O professor Conrado Hübner Mendes se tornou o maior crítico do STF no Brasil. Ou, para ser mais preciso, do mundo judicial e do direito. O título foi conquistado aos poucos, desde 2018, quando começou a colaborar semanalmente, na extinta revista Época, com artigos em que apontava erros e incoerências de juízes, ministros, procuradores e, mais tarde, advogados.

O rentismo, as festas e encontros forçados entre juízes e julgados, o nepotismo advocatício, o filhotismo nos tribunais superiores, a Lava Jato: nessa entrevista à coluna, Hübner Mendes passa por diversos pontos que explora em “O discreto charme da magistocracia” (Todavia), coletânea desses artigos e de outros publicados desde 2011.

No livro, sobra para todo mundo, de Gilmar Mendes a Luís Roberto Barroso, de Sergio Moro a Deltan Dallagnol. As críticas, na maioria das vezes mordazes, são quase sempre precisas. Algumas, porém, às vezes parecem estar ali para o autor mostrar independência ao criticar a tudo e a todos. Para o papel a que se dispõe, é em parte saudável, mas arriscado, sob pena de não reconhecer acertos em meio a um Judiciário tão complicado como o nosso.

Leia a entrevista abaixo, assista no YouTube ou ouça no Spotify:

Em que momento, como professor, entendeu que era importante tirar da academia e levar ao grande público as críticas que enxerga necessárias ao Judiciário?

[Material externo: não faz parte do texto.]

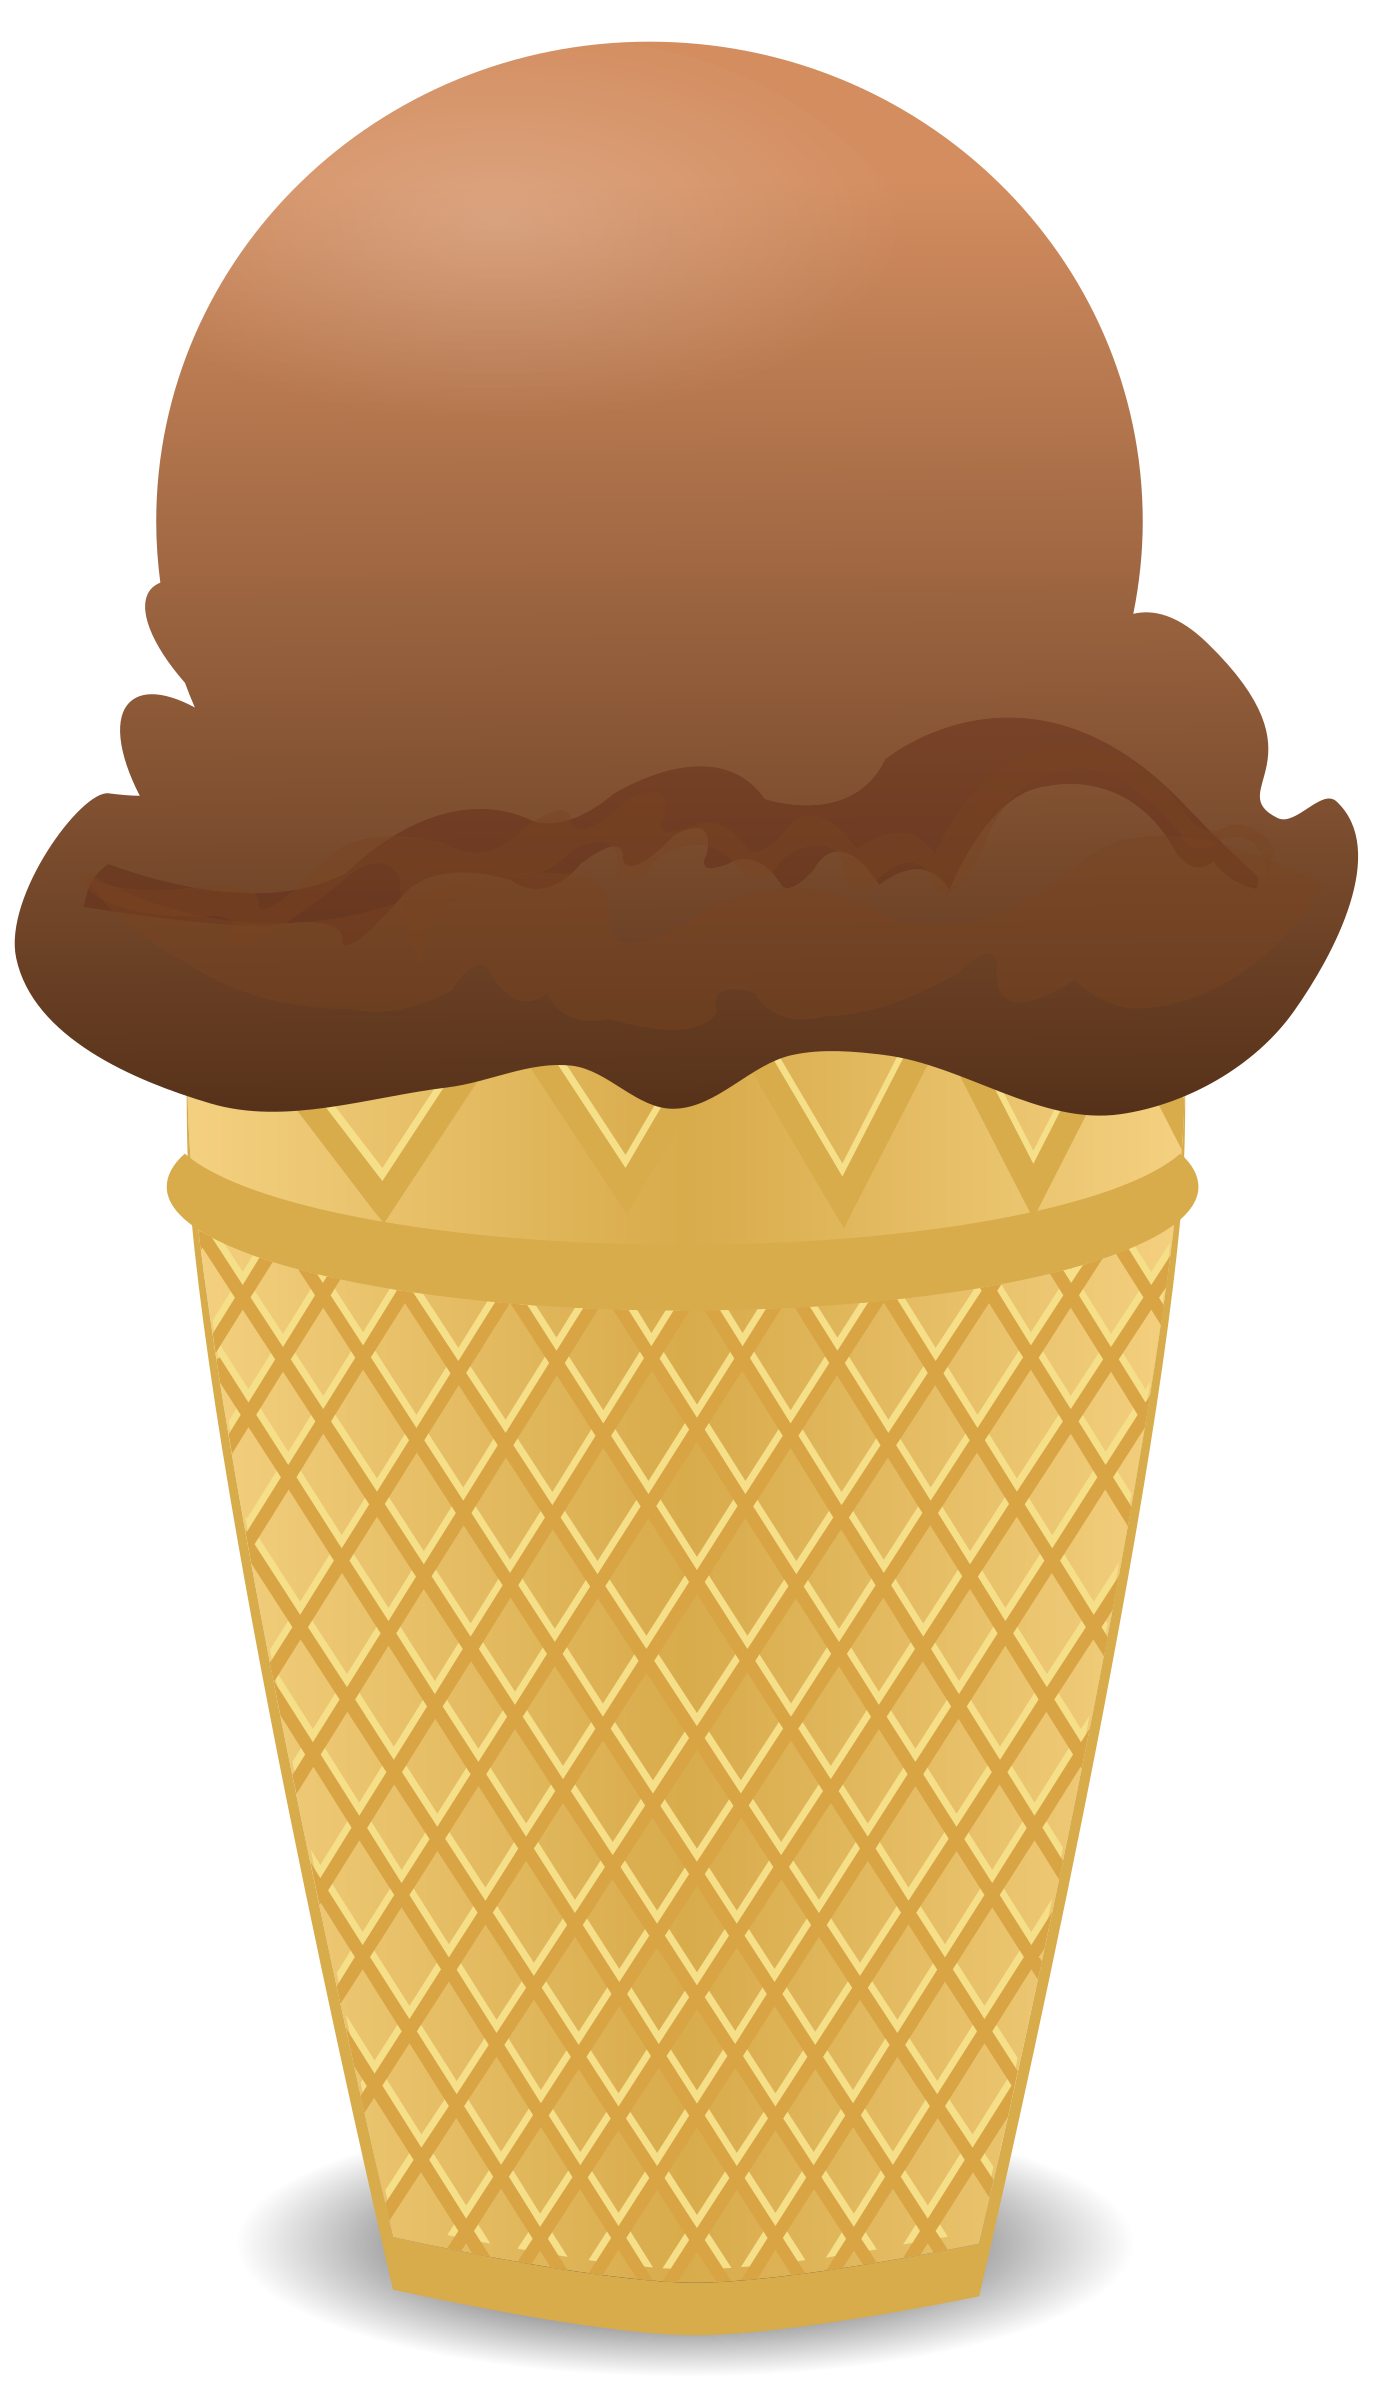 cup clipart ice cream

Comecei a me interessar por publicar textos eventuais na imprensa há bastante tempo, uma vontade pessoal de contribuir para certos debates. O que não imaginava era a intensidade que isso tomou, alguns anos mais tarde. Publiquei textos esporádicos a partir de uma vontade. Um tema surgia na minha cabeça, eu escrevia com calma, submetia a algum jornal, às vezes levava uma semana, às vezes um mês para ser publicado. Em 2018, fui convidado para ser colunista semanal. Hesitei um pouquinho, porque coluna semanal é algo que exige um tipo de concentração, rotina e linha de produção muito constante, mas acabei aceitando, na revista Época. Fiquei na Época de 2018 a 2019 e aí comecei na Folha. Então, já se passaram seis anos e eu diria que é o período que coincide com mais acadêmicos se manifestando, novos veículos, blogs jurídicos. O jornalismo jurídico, propriamente dito, também vem se aperfeiçoando, há o protagonismo de tribunais e dos tribunais superiores. Uma série de fatores contribuiu para isso. Nesse período fui ganhando fôlego e interagindo com essa audiência, muito diferente da audiência acadêmica.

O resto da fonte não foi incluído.